Śivasaṃhitā 5.240
Pañcamaḥ paṭalaḥ — Dhyāna
Sanskrit text
Transliteration
Translation
Commentary
The twelve lakhs cover the three great orders of non-human beings in Indian cosmology: yakṣas (guardians of natural wealth, spirits of tree and water), rākṣasas (those who disturb rituals and spiritual life) and nāgas (divine serpents ruling underground waters and treasures). The yogi who controls them has harmonized nature’s three fundamental forces.
Dvādaśa-lakṣa = twelve lakhs (twelve times one hundred thousand), yakṣa = being of good but sometimes capricious nature, treasure guardian, rākṣa = obstructing demon (rāk- = to defend, protect, then those who defend themselves by destroying), oraga = serpent (ura = chest, ga = that goes), the nāgas that move in earth’s belly, īśvara = lord.

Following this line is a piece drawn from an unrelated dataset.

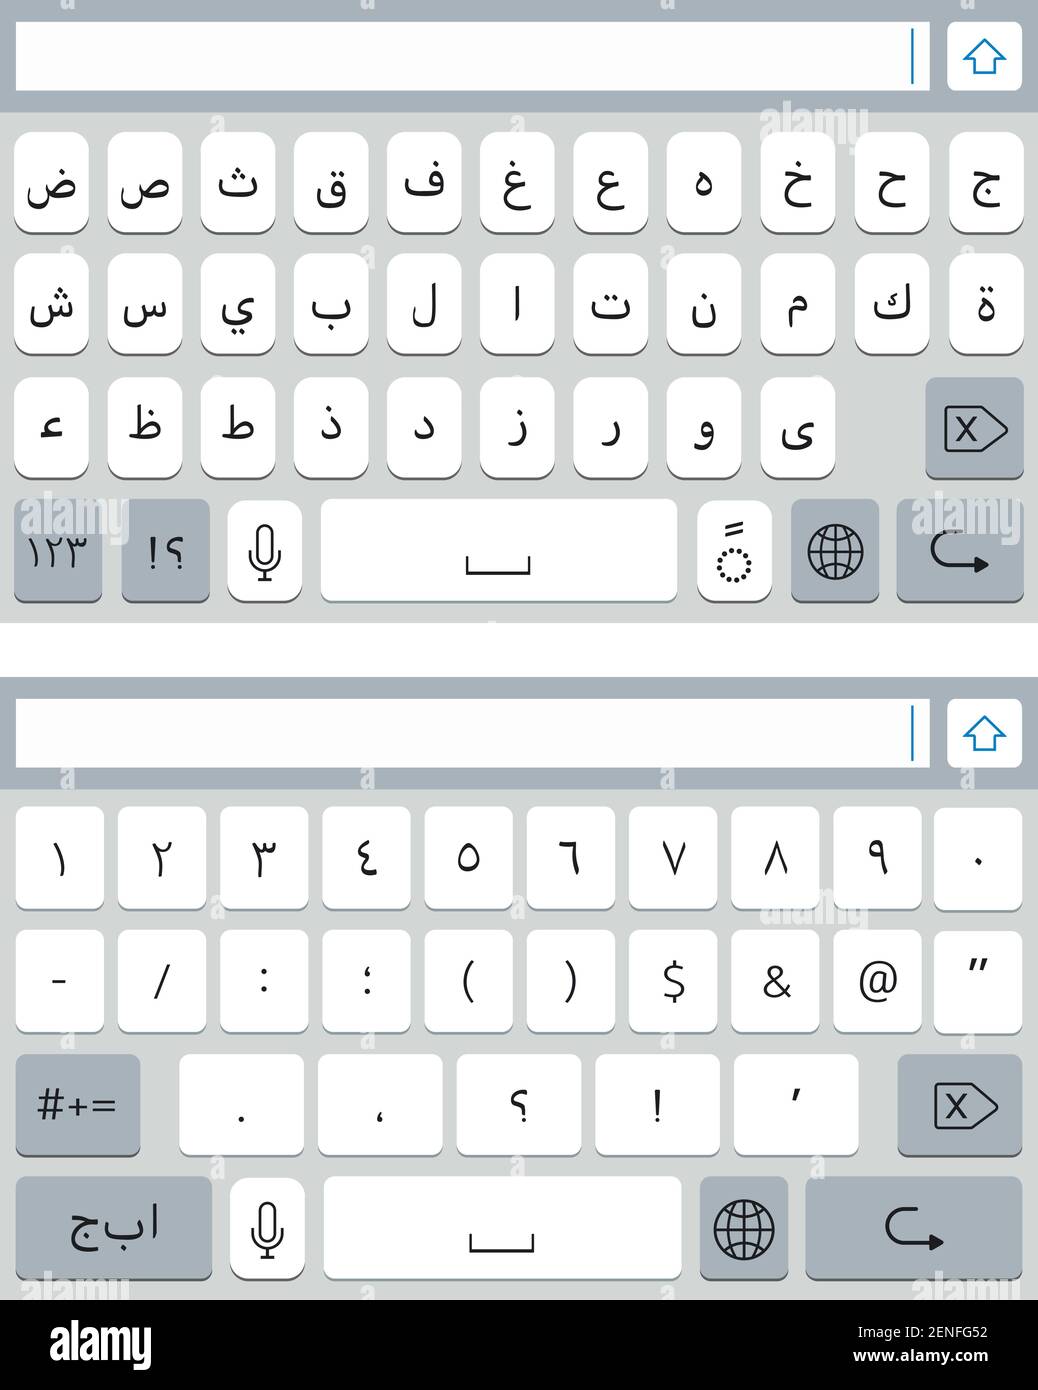 Clavier virtuel arabe pour smartphone. Maquette du clavier du téléphone  portable, touches alphabétiques et chiffres Image Vectorielle Stock - Alamy

In the tantras’ sacred geography, yakṣas inhabit trees and forested lands, rākṣasas crossroads and cremation grounds, nāgas rivers and beneath the earth. The yogi having mastery over these three realms can move freely between the cosmos’s three levels (svarga, bhūmi, pātāla) without being disturbed by the forces governing each level.